++++ Records for the task

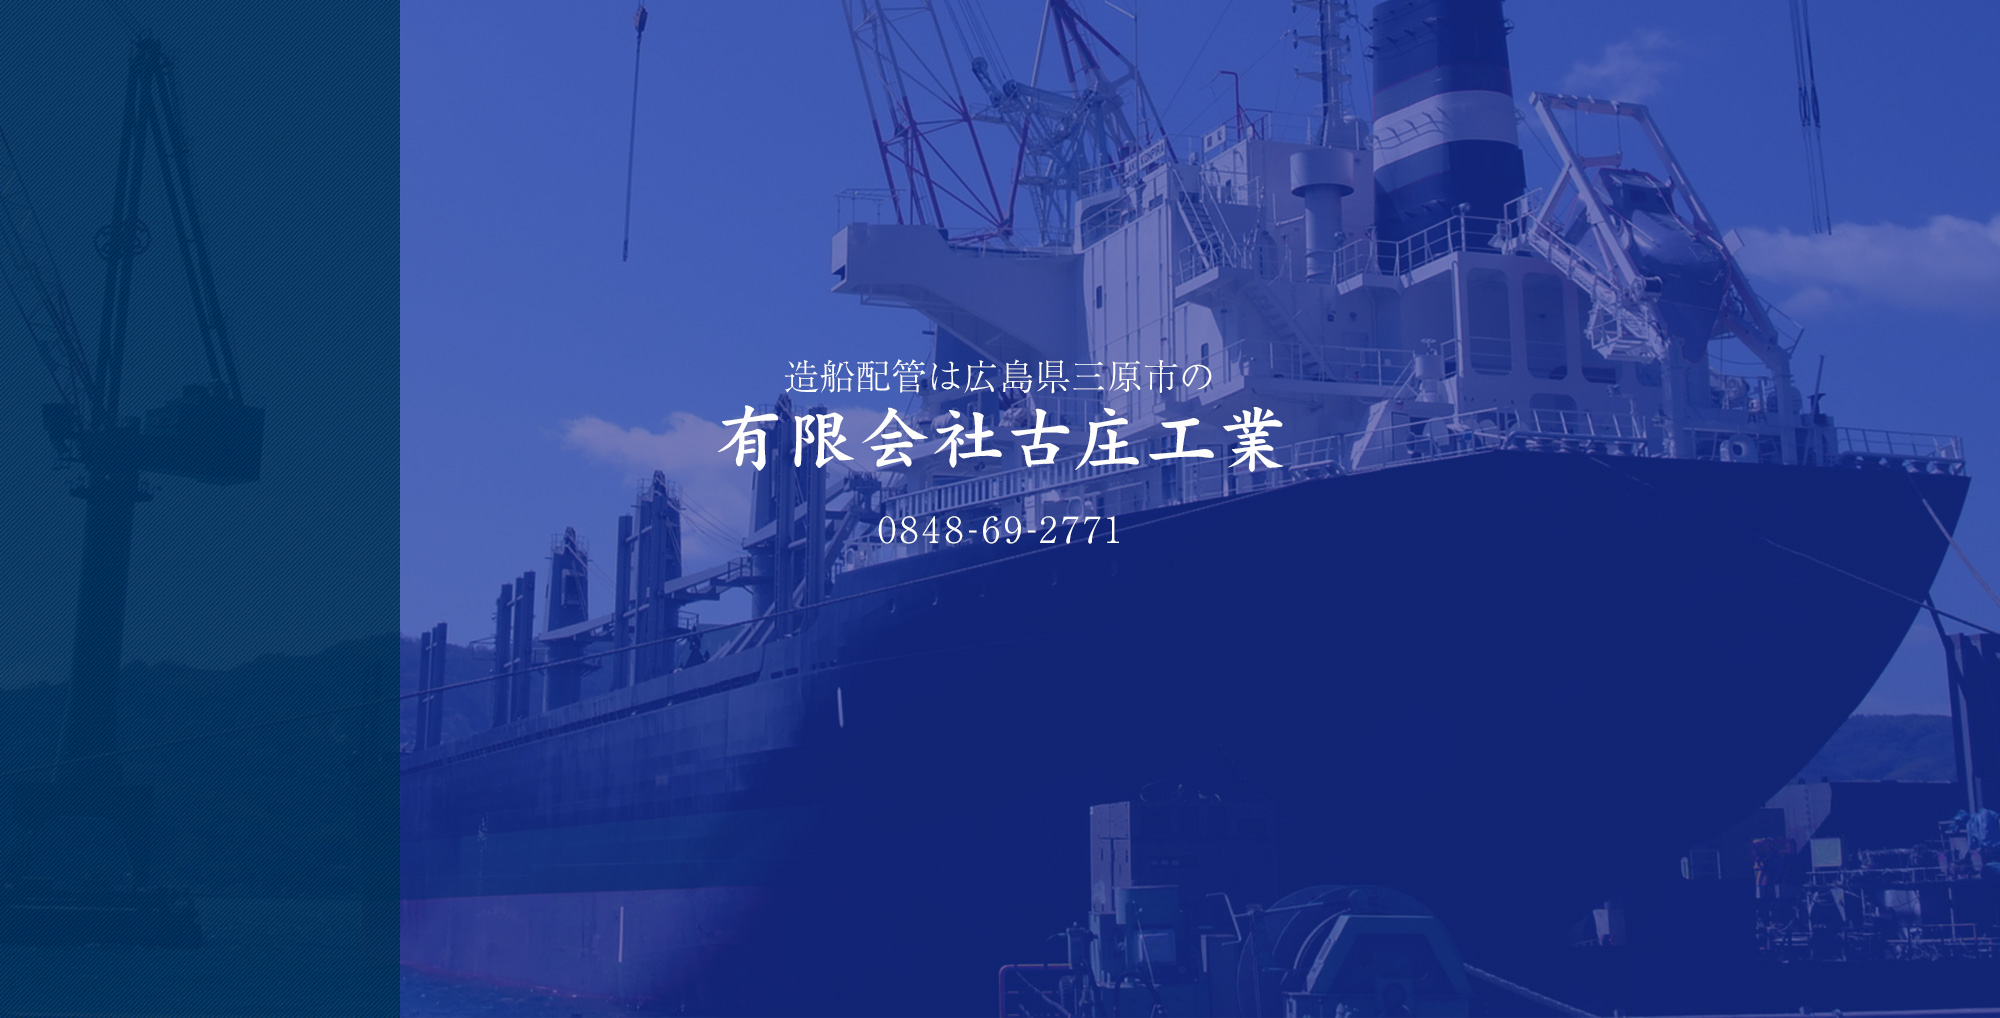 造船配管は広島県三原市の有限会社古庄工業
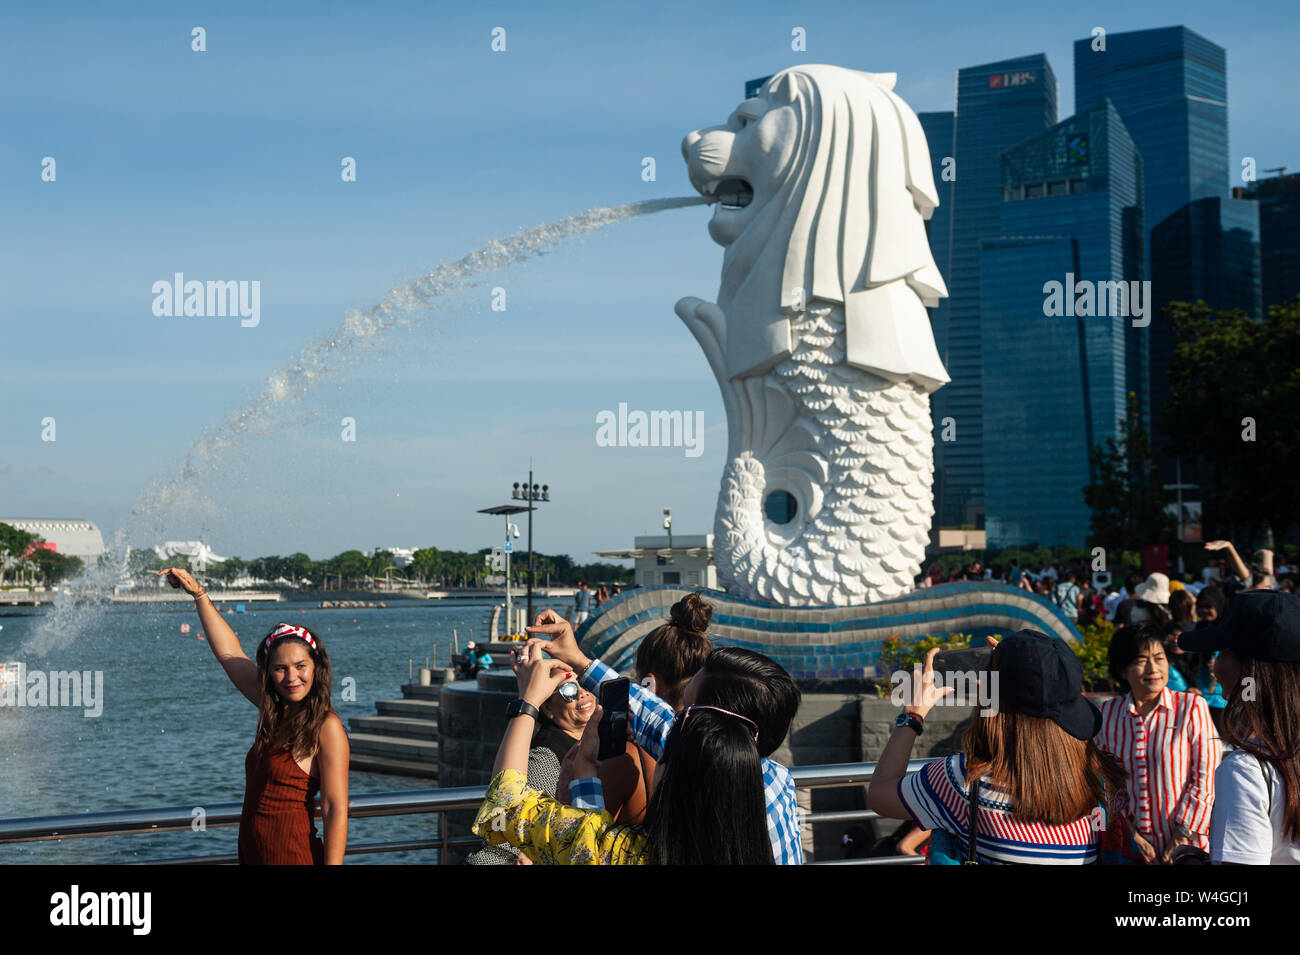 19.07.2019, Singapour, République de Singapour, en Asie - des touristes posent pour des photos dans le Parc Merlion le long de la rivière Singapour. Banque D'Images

++++++++
++++ Records for the task

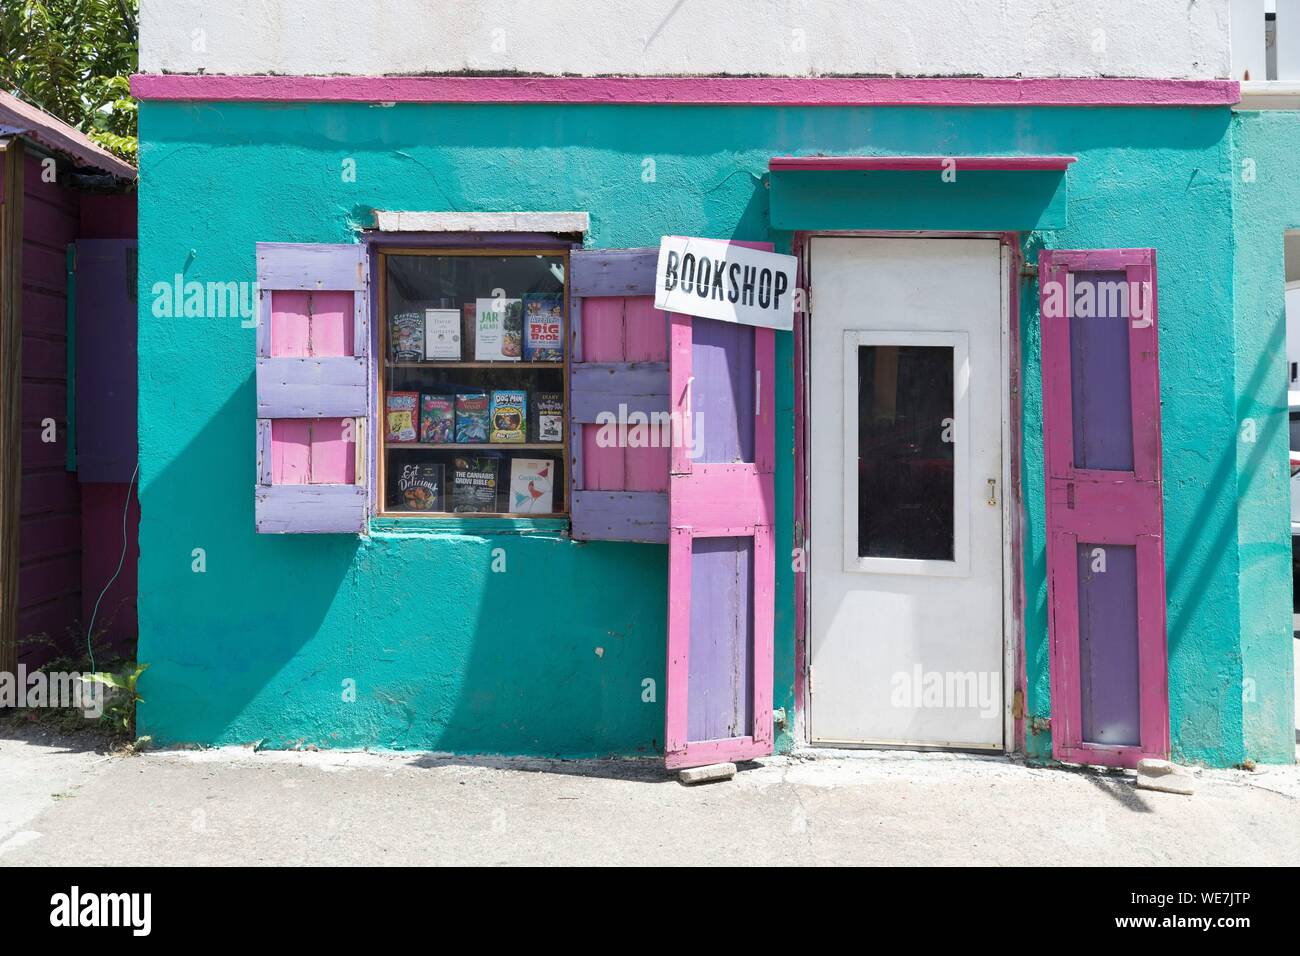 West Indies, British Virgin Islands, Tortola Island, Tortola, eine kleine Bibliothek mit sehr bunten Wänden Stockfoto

++++++++

What you need to do
Your copy should hold only the lines above from the one containing "造船配管は広島県三原市の有限会社古庄工業" through the one containing "19.07.2019, Singapour, République", exactly as written and free of pictures.

Answer area
 造船配管は広島県三原市の有限会社古庄工業
 19.07.2019, Singapour, République de Singapour, en Asie - des touristes posent pour des photos dans le Parc Merlion le long de la rivière Singapour. Banque D'Images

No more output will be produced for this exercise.